*** DATASET RECORDS
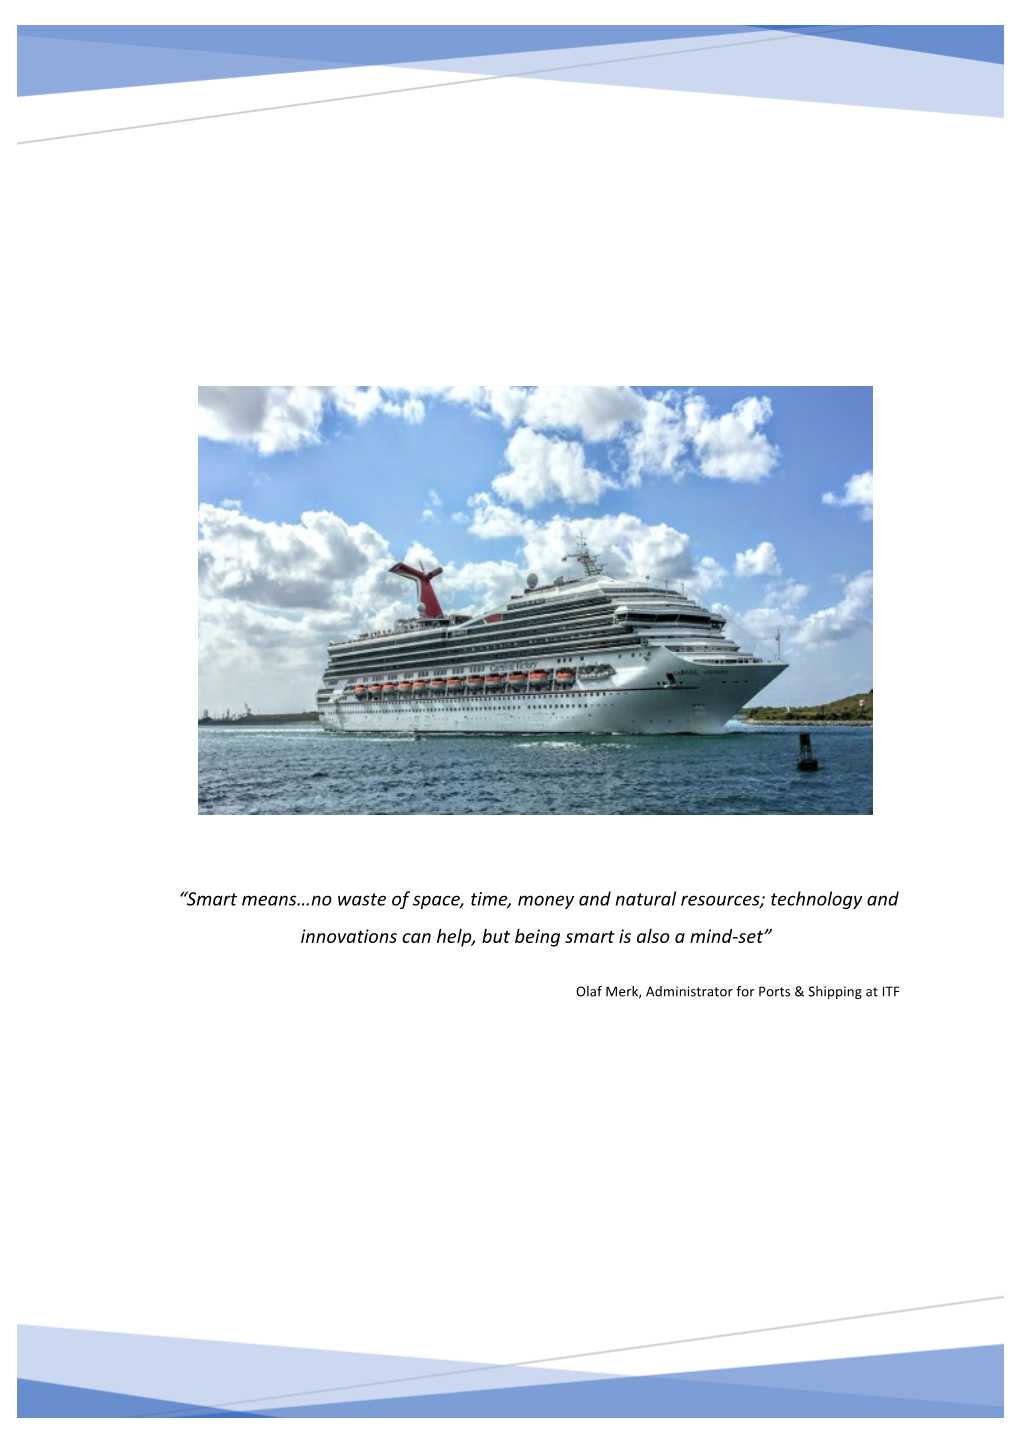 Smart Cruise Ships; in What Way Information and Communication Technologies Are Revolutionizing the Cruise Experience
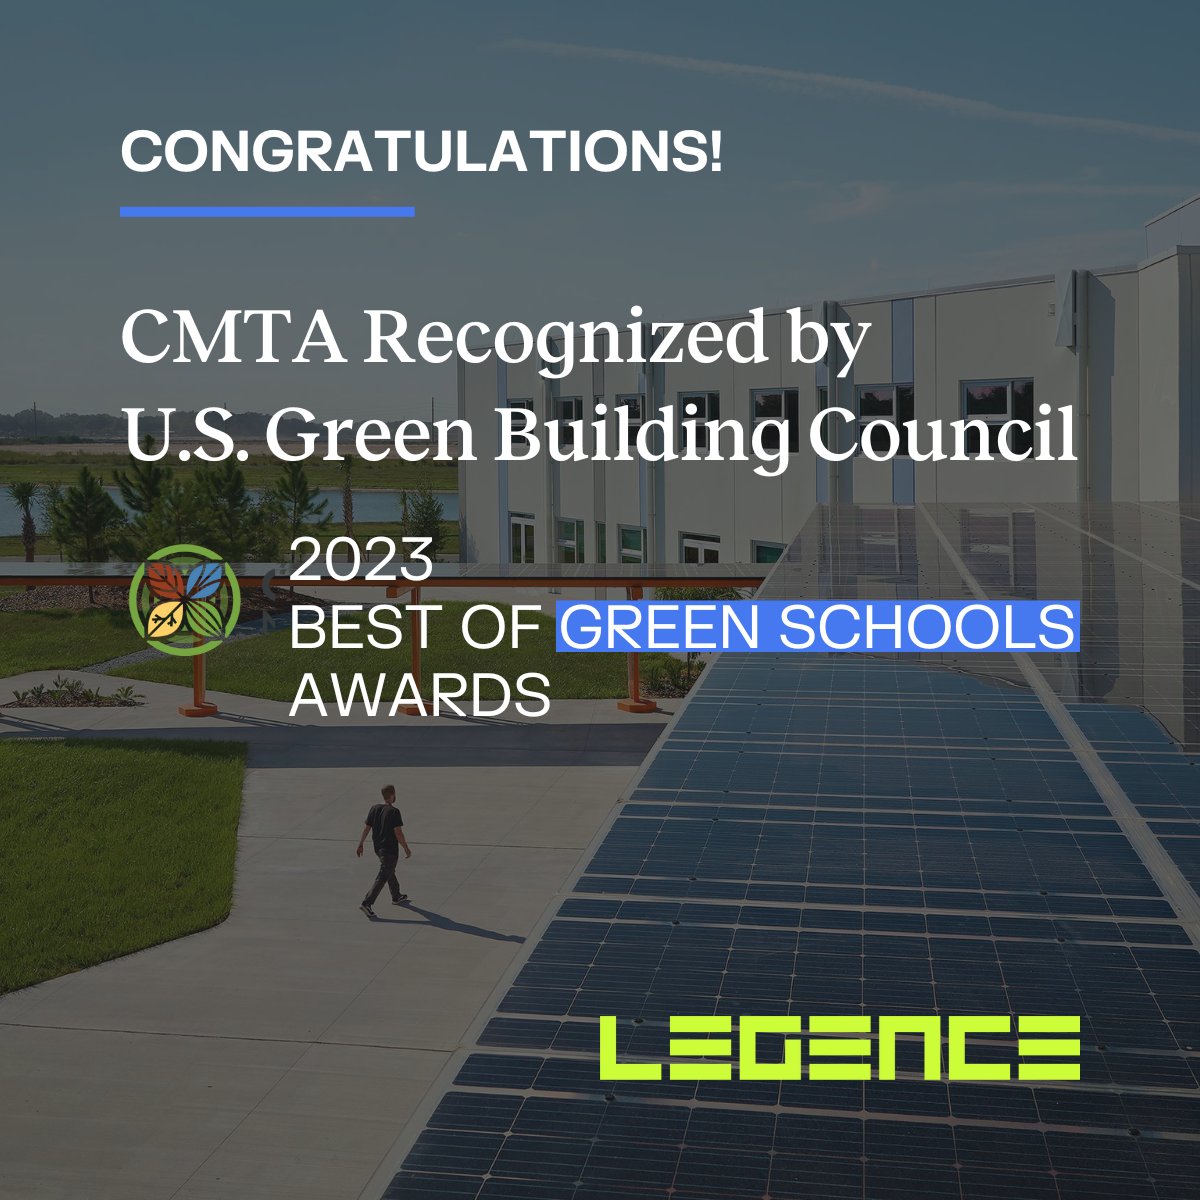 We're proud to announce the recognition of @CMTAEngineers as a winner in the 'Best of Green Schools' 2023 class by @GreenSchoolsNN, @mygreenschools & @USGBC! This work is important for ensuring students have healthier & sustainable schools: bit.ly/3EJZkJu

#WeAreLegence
******
*** DATASET RECORDS
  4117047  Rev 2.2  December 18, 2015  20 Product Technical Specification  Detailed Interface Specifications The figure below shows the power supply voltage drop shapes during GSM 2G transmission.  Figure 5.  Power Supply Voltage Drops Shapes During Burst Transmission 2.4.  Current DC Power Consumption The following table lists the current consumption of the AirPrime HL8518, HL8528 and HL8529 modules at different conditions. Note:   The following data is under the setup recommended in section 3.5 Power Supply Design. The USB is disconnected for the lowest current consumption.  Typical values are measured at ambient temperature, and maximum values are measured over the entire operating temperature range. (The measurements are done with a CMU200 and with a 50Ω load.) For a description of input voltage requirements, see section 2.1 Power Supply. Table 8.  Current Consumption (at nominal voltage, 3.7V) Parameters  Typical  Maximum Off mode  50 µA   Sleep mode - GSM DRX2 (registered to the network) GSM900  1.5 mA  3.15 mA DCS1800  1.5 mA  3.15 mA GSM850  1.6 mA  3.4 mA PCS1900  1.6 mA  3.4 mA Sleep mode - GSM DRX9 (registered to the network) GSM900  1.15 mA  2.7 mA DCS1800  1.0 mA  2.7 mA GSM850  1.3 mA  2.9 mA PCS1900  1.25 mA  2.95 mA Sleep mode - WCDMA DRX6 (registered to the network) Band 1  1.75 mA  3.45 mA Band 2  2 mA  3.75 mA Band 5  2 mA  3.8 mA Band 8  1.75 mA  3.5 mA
******
◆ **REQUIRED WORK**: Using the listing above, repeat word for word each line from the one with "Smart Cruise Ships;" down to the one with "#WeAreLegence", both included. Omit all pictures.

◆ **OUTPUT OF THE TASK**:
 Smart Cruise Ships; in What Way Information and Communication Technologies Are Revolutionizing the Cruise Experience
 We're proud to announce the recognition of @CMTAEngineers as a winner in the 'Best of Green Schools' 2023 class by @GreenSchoolsNN, @mygreenschools & @USGBC! This work is important for ensuring students have healthier & sustainable schools: bit.ly/3EJZkJu

#WeAreLegence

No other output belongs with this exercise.